Before watching the movie:
This was one of the big cultural moments in my early childhood that I was aware of even as it passed me by. Everyone was talking about Free Willy for some reason. I dimly recall it being on in the same room at one point, but I think it was in the way that one dips in and out of a movie someone else is watching while at a family gathering.
There’s a good movie finding its audience, and then there’s a cultural phenomenon. The latter I can understand for a lavish tentpole movie like Titanic, but this doesn’t seem to be that kind of visual-oriented extravaganza. It kind of looks like it has a similar domestic plot to the original, before the franchise fatigue Air Bud, actually, like if you took all the basketball out of that movie and swapped the dog for an orca, you’d come close to this movie. While cetaceans were popular in the 90s, I would’ve thought that more came out of the popularity of this movie than contributed to it. Well, I guess I’m about to find out.
After watching the movie:
Jesse, a kid abandoned to the foster system six years ago, prefers to escape whatever foster parents he’s been assigned to this time and link up with other delinquent orphans supporting themselves through grift and theft on the street. However, when he and a friend break into a building at Northwest Adventure Park and cover it in graffiti with found spray paint cans, Jesse is distracted by the startling discovery that this building houses an orca whale tank, and when the police arrive, doesn’t get away in time. Instead of juvenile detention, Jesse’s social worker arranges kind foster parents, the Greenwoods, and for the park to not press charges if Jesse cleans the graffiti. While cleaning the paint off the tank, Jesse is fascinated by the whale, approaching him gingerly and in a friendly manner, and finds that his harmonica soothes him. The park staff responsible for “Willy”, his veterinarian and trainer Rae and keeper Randolph, insist that Willy is too surly to let anyone get close, but when Jesse stumbles into the tank, Willy gently helps him to safety. This burgeoning connection leads Randolph to offer Jesse a job helping out for the summer, and Jesse learns that the reason Willy doesn’t like anyone is that he was stolen from his family in the wild much later in life than is considered ethical and is being kept in a tank much too small for his needs by the park owner, Dial, a businessman who refuses to spend any more money on Willy until he becomes the big attraction he expected him to be by doing a whale trick show. The friendship between boy and whale gives Jesse the ability to teach Willy tricks that Rae lacked the rapport to begin on, and with Rae’s help, Jesse and Willy begin to create the show that could be Willy’s ticket to better conditions. But Dial, increasingly frustrated with Willy’s noncompliance losing him money, is starting to think that Willy would be worth more to him dead thanks to his million dollar insurance policy.
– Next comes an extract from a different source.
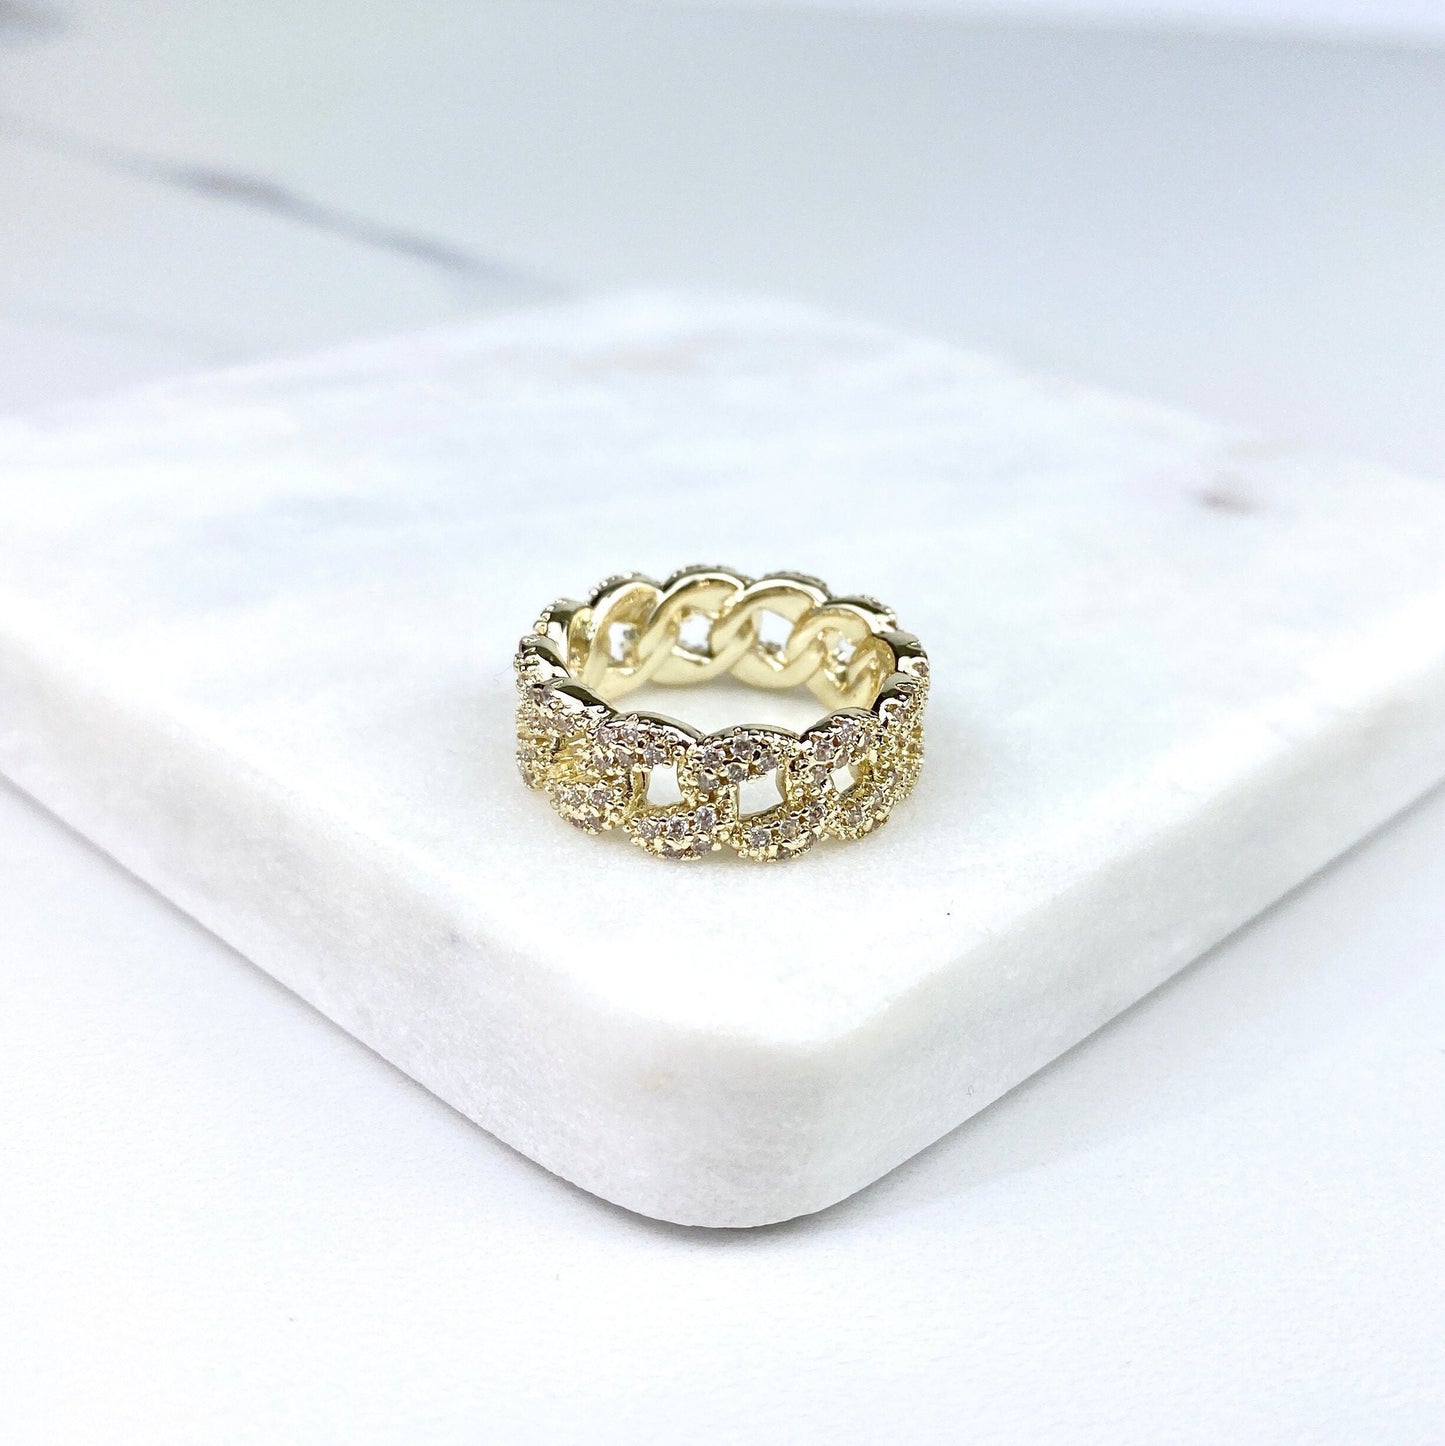 18k Gold Filled Micro Pave Cubic Zirconia Curb Link Ring, Gold or Silver, Wholesale Jewelry Making Supplies

This movie is unequivocally about a capital-holder abusing everyone his money puts under his control, and the failure of working within the system to rectify that situation. Dial only values the people and animals in his park to the extent that they can make him money, and refuses to care enough to do the right thing even when the experts who work for him tell him that Willy would be more disposed to be what he wants him to be if he improved Willy’s life first. Ultimately, Willy cannot be helped within the rules set by the abuser, and his support team has to take direct action, something that’s satisfying to watch, but I’m very concerned about the legal consequences that they’ll face afterward. The movie treats it like once Dial is thwarted, he’s completely defeated, but he seems to still hold most of the cards he did before. There are two sequels to this movie, but I doubt Free Willy 2 is about how they escape Dial suing them into oblivion for theft of his property.
This seems to be one of the rare stories where the foster system works roughly as intended. Jesse seems to have had a lot of bad experiences in the last six years, as have the other street urchins he works with, but we don’t see any of that in action, we just see Jesse, disillusioned and clinging to the hope that his mother will come back for him, acting out against a really nice and supportive couple who only get negative because of how much Jesse tests them. Jesse starts out learning to trust them, but they only have to come around to trust him because he’s spent the entire movie demonstrating that he doesn’t want to be there.
It was probably the hype, but as a feel-good family drama, this doesn’t seem especially life-changing. The most inspiring part, the most iconic moment, is literally the last sequence of the movie. Where I was expecting a story about turning popular opinion toward saving Willy, the Public only makes Willy’s situation worse. It’s just about boy and whale forming a bond stronger than the demands of the world they find themselves trapped in. The most moving part was the Michael Jackson song that played on the end credits.
This is probably still a very meaningful movie for kids watching it at an early age, but it feels a lot like the world has moved on from what was a more complicated, abstract problem at the time. Also Randolph’s Indian background feels a little tacked on because Native American mysticism was trendy at the time, especially for environmentally conscious media. I think maybe I might like this story better as a novel with more room for depth and nuance than a movie, and it’s almost detailed enough that I’m surprised the story is original to the movie. I missed out on connecting with this movie as a child (though it seems like it would’ve bored me as a child), and now as an adult viewer I find it lacking. But it also seems like a great movie to teach kids about worldly realities and ethical ideals.